The Casandulfe Raimundo had no idea who Don Oscar was, nor did he enquire, why should he? What difference does it make what goes on in brothels? We Nationalists have taken Toledo. Why do you say “we”? And we have freed the Alcazar. The Casandulfe Raimundo notices that his temples are throbbing, maybe he has a temperature. Franco is appointed Generalísimo of the Army, Air Force, and Navy, and Robín Lebozán declares that he’s not joining up, he’ll soon be drafted, each and everyone goes his own way and at his own pace. Miss Ramona rides her horse, nibbles biscuits and ponders, she’s always pondering events. We Nationalists are at the gates of Madrid. Why do you say “we Nationalists”? When the Casandulfe Raimundo came back to the village he found Miss Ramona rather peculiar.
“What’s the matter with you?”
“Nothing, why?”
“No, I just thought there was something wrong.”
Puriña Córrego, the eldest of Miss Ramona’s maids, was found dead one morning with a little pencil-like snake crawling on her forehead.
“What happened?”
“She died of old age. The bell tolls for all of us sooner or later, some folks don’t even reach old age.”

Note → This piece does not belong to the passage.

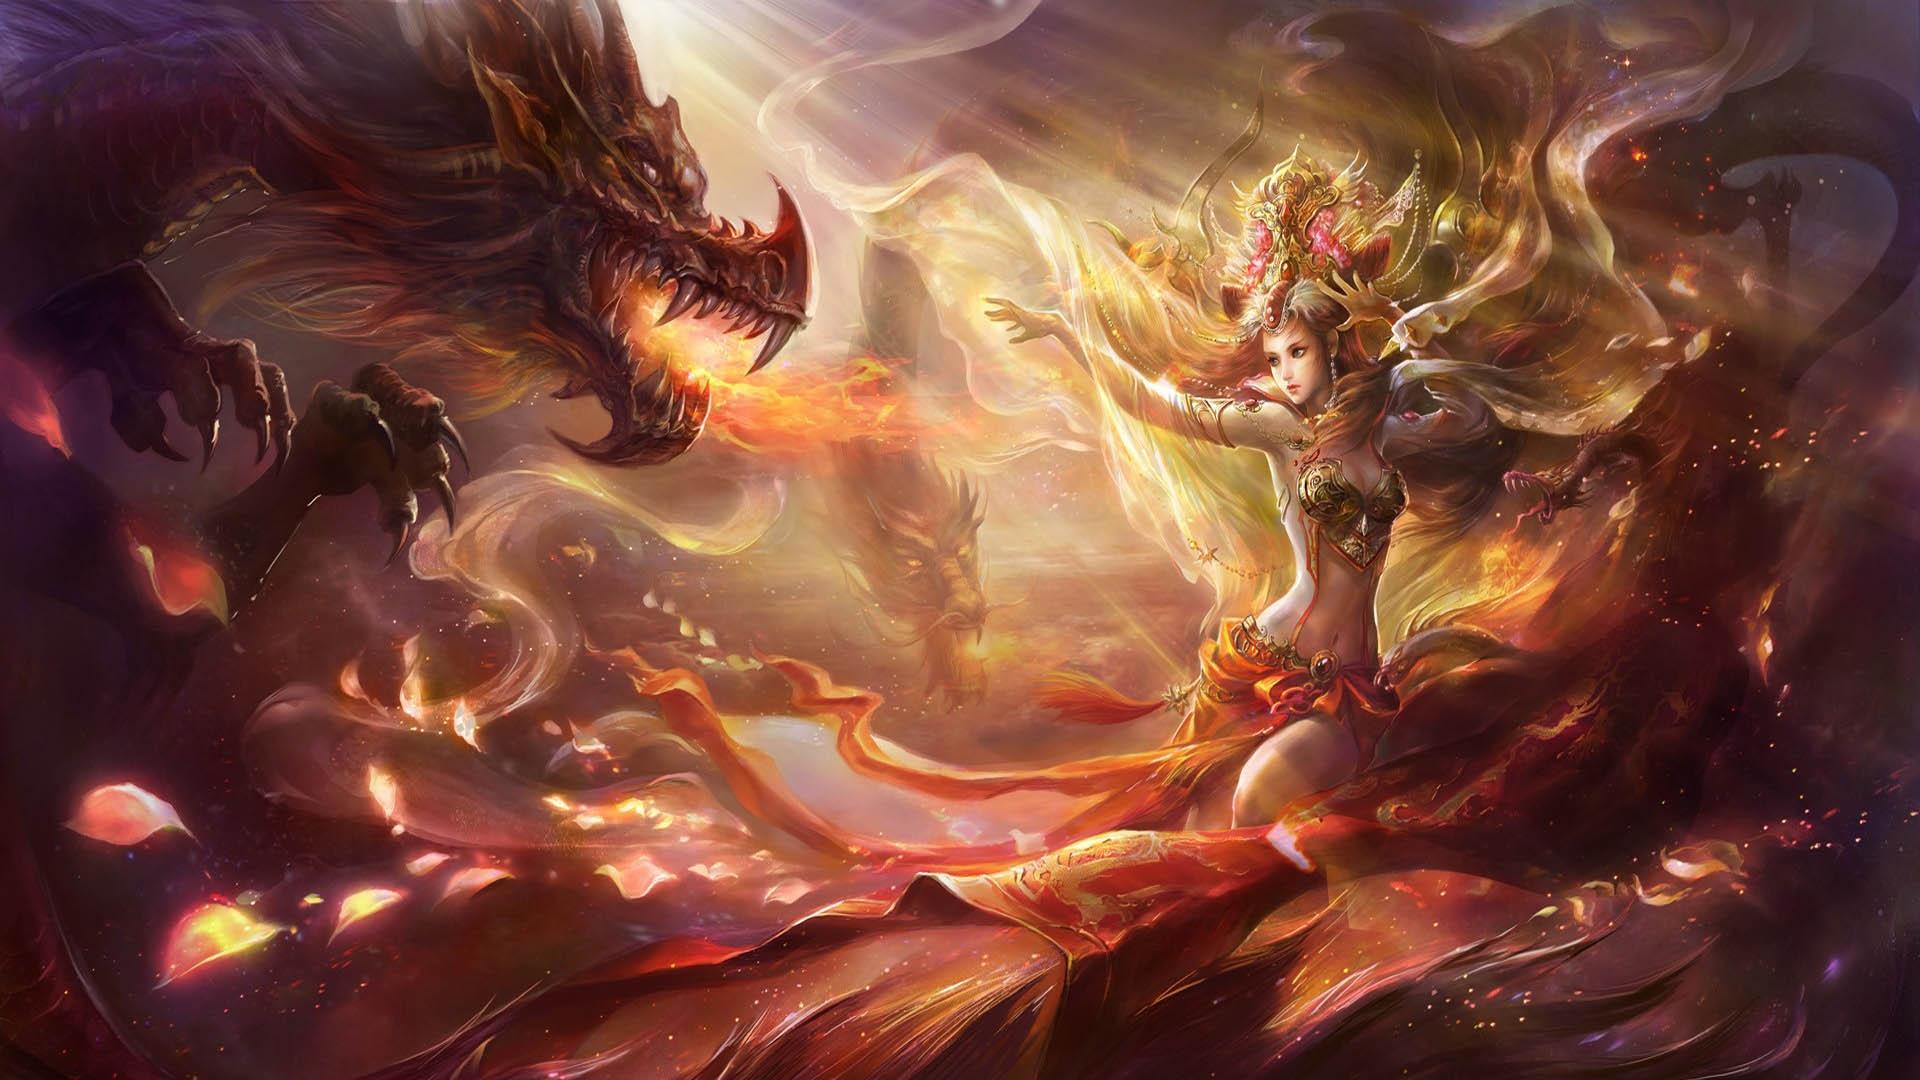 Enchanted Dragon HD Wallpaper, get it now

Apart from Antonio Vegadecabo and Sabela Soulecín, Miss Ramona has no mementoes left of her father’s days.
“There’s the parakeet.”
“Yes, the parakeet, of course.”
Fabián Minguela, Moucho, will lure neither Cidrán Segade nor Baldomero Lionheart out of their homes, he wouldn’t dare. Fabián Minguela kept a stone’s throw away, first from Cidrán’s house then from Baldomero Lionheart’s, when he saw them coming, he sent ten men to capture them and bring them bound hand and foot. When they reached Cidrán Segade’s place they were met with a volley of bullets. He handed himself over when his house was burned down. Nobody ventured forth as the shots rang out nor as the flames of the fire lit up the sky. Miss Ramona held the Casandulfe Raimundo and Robín Lebozán back, both of whom were at her house. They struck Ádega across the face with the butt of a gun then left her unconscious and tied to a tree. Baldomero Lionheart also met them with gunshots, his aim was unswerving and he shot one of them dead. Baldomero Lionheart handed himself over when they caught hold of Loliña, his wife, and five children who had to be gagged with a sack for they kicked and bit.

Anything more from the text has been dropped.